*** Provided material Section Begins ***
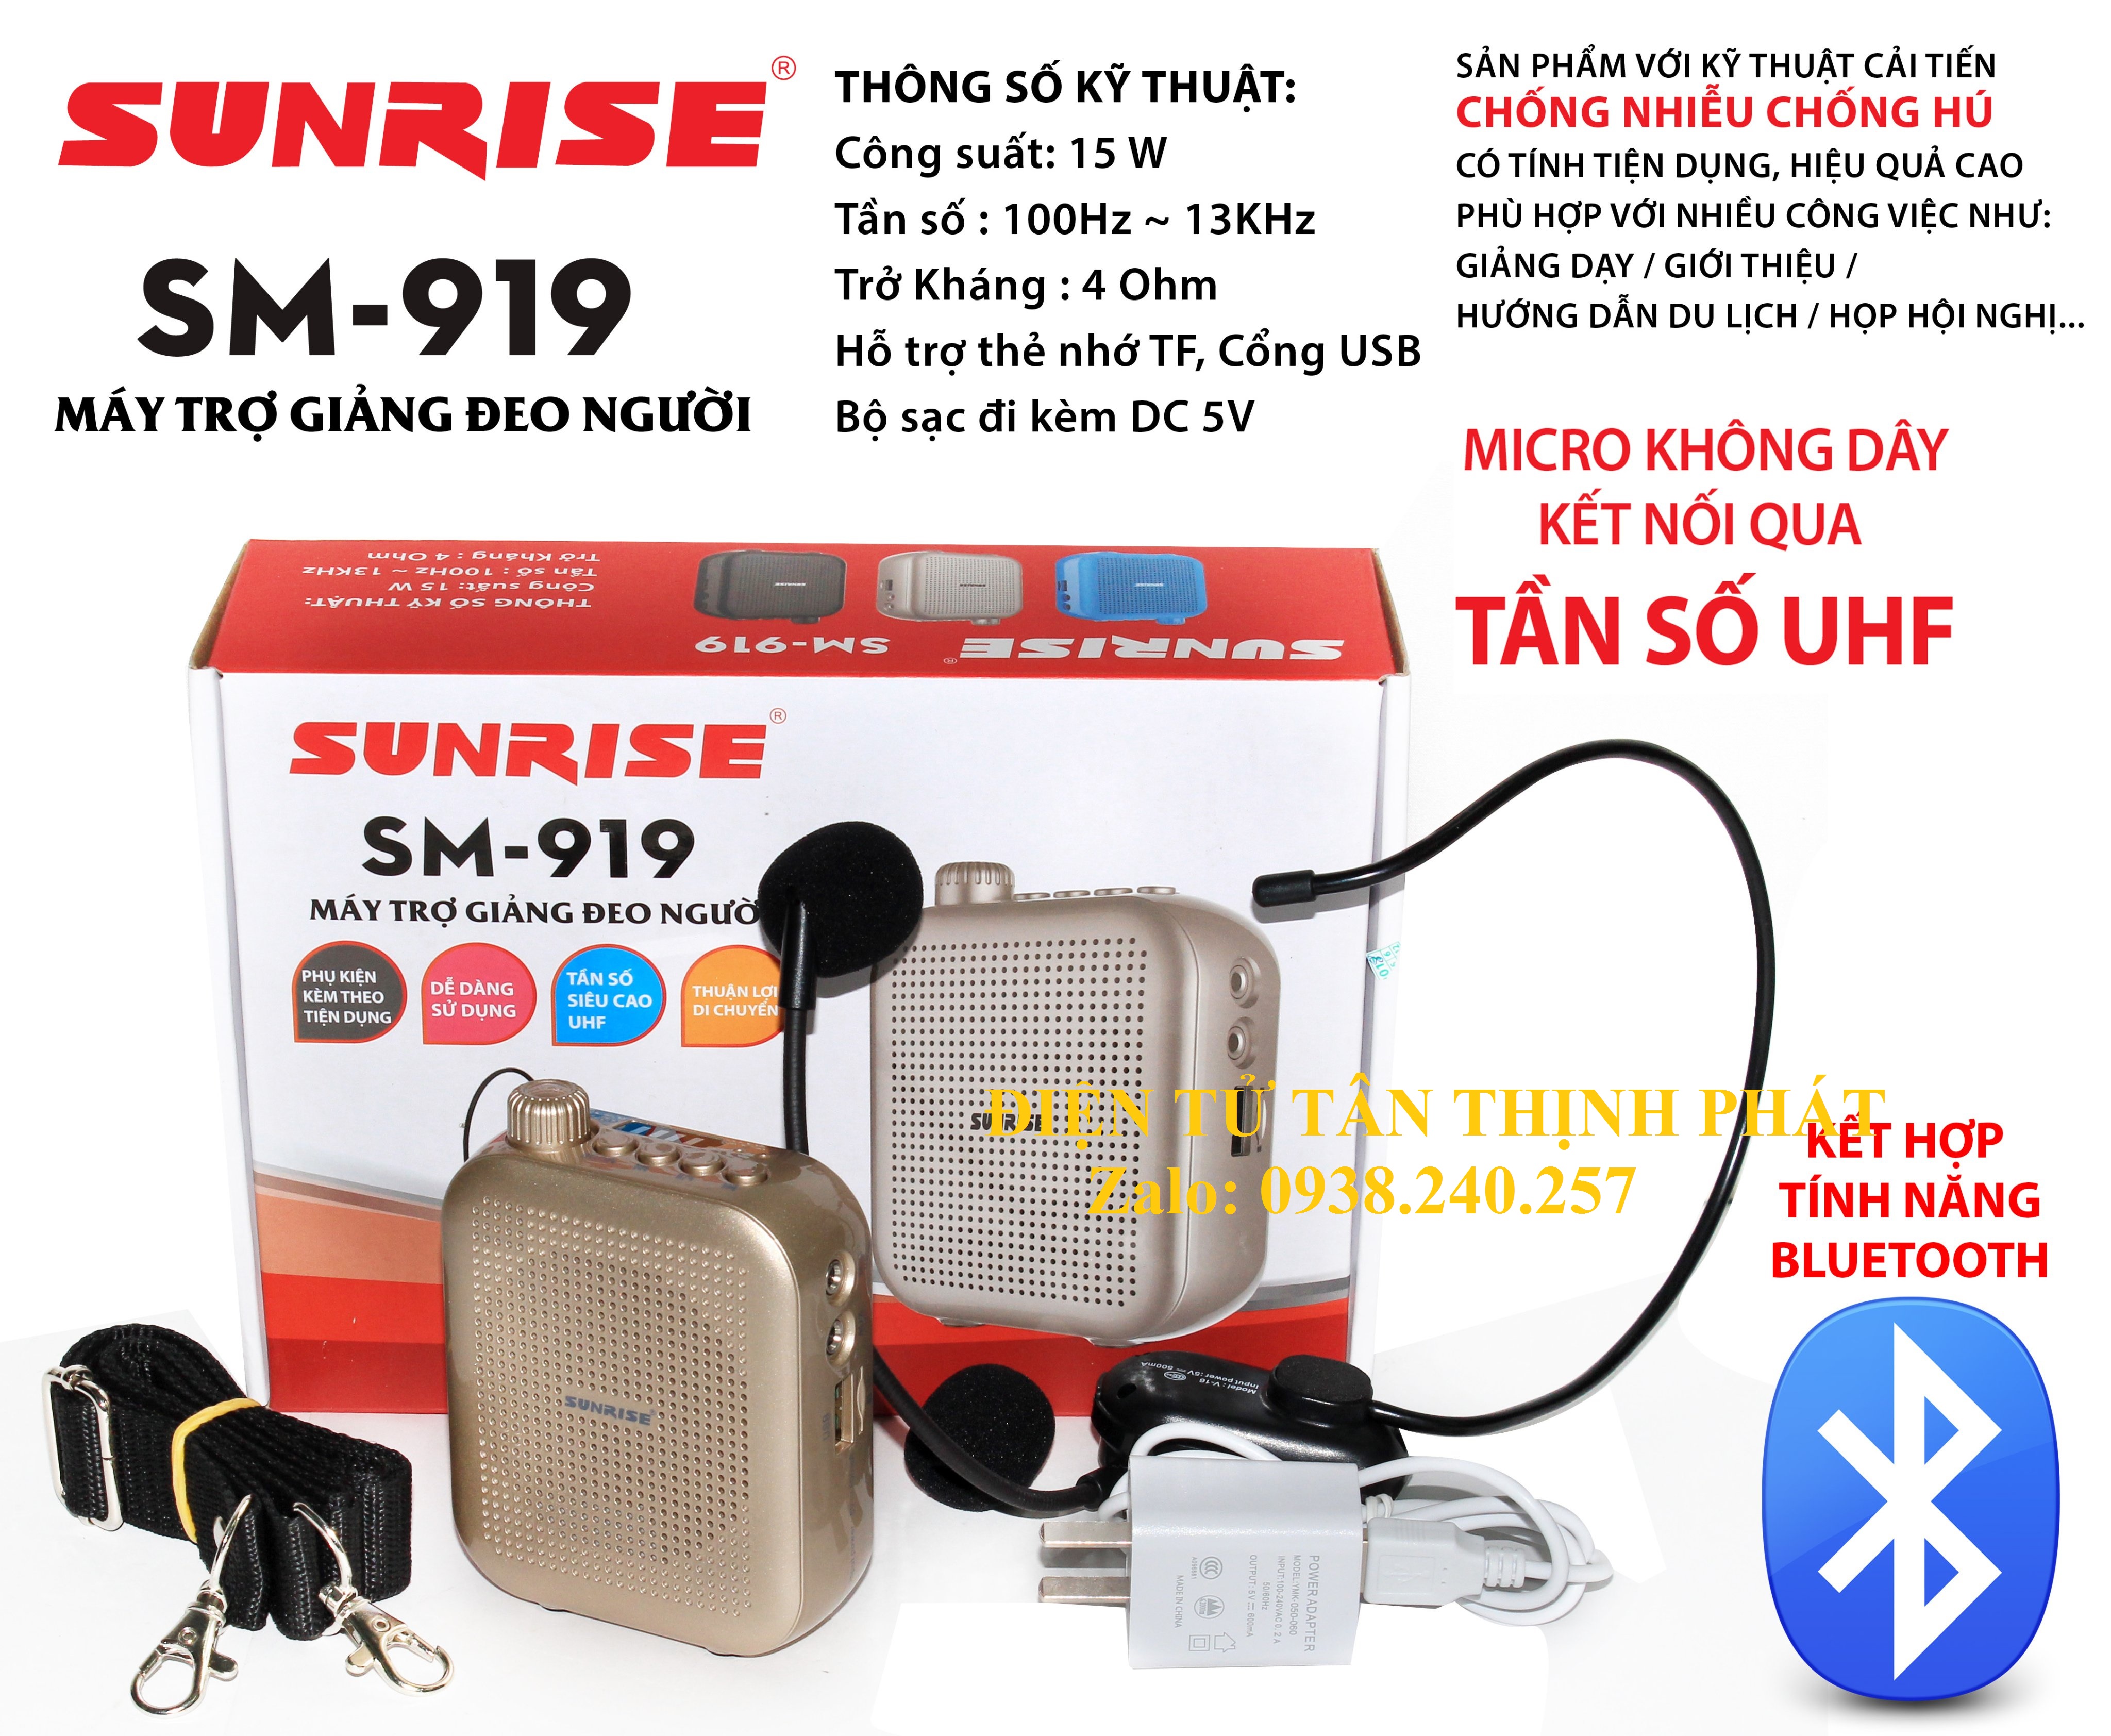 Máy trợ giảng không dây sunrise SM-919 có Bluetooth, sóng UHF, chống hú, chống nhiễu tốt
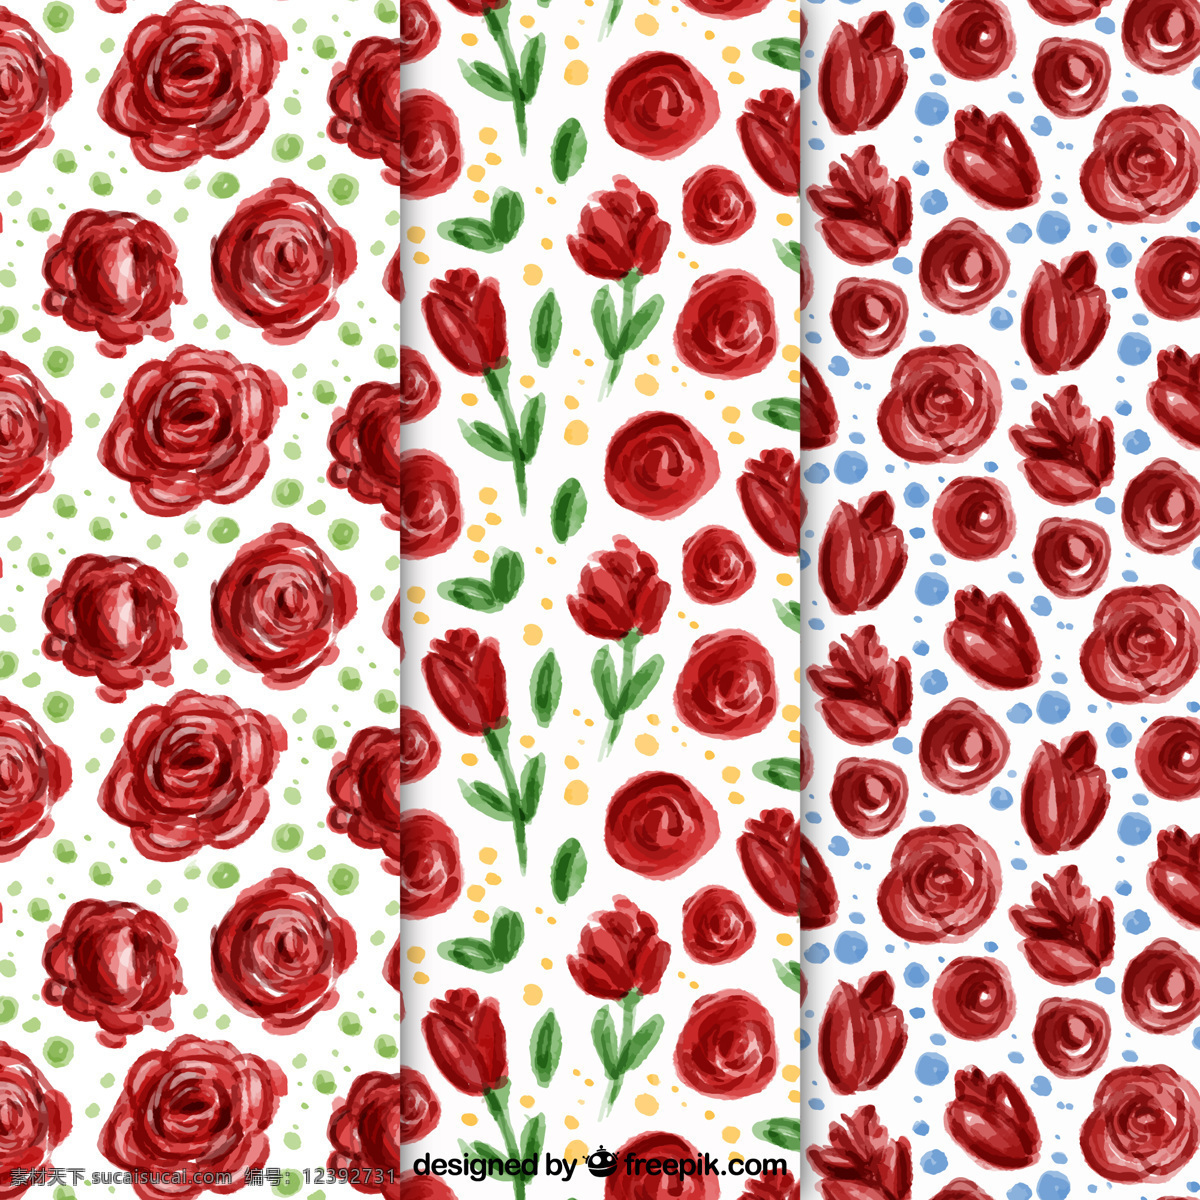 水彩 玫瑰 图案 集 背景 花卉 自然 花卉背景 水彩花卉 花卉图案 水彩背景 春天 树叶 植物
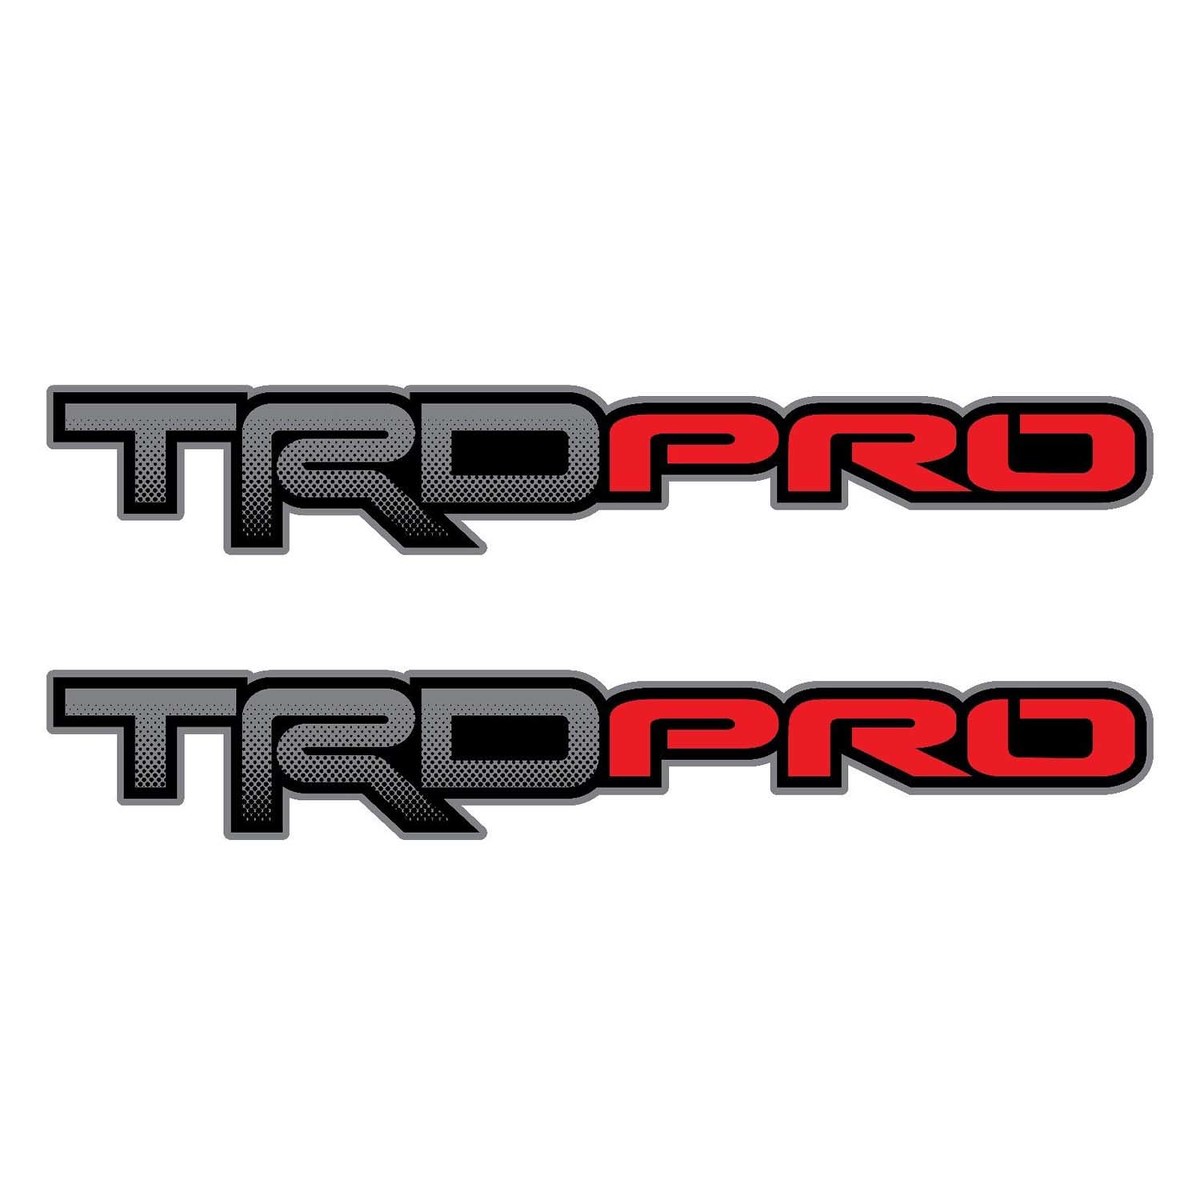 Ensemble de 2: TRD Pro Toyota Tacoma Tundra Tundra Tundra Camion de chevet Color Color Color Decal
*** Provided material Section Ends ***
**Description of the task:**
Copy exactly, please, every line from the one holding "水彩 玫瑰 图案 集 背景" through the last line of the data, both ends included, and no pictures.

**Problem solution:**
 水彩 玫瑰 图案 集 背景 花卉 自然 花卉背景 水彩花卉 花卉图案 水彩背景 春天 树叶 植物
 Ensemble de 2: TRD Pro Toyota Tacoma Tundra Tundra Tundra Camion de chevet Color Color Color Decal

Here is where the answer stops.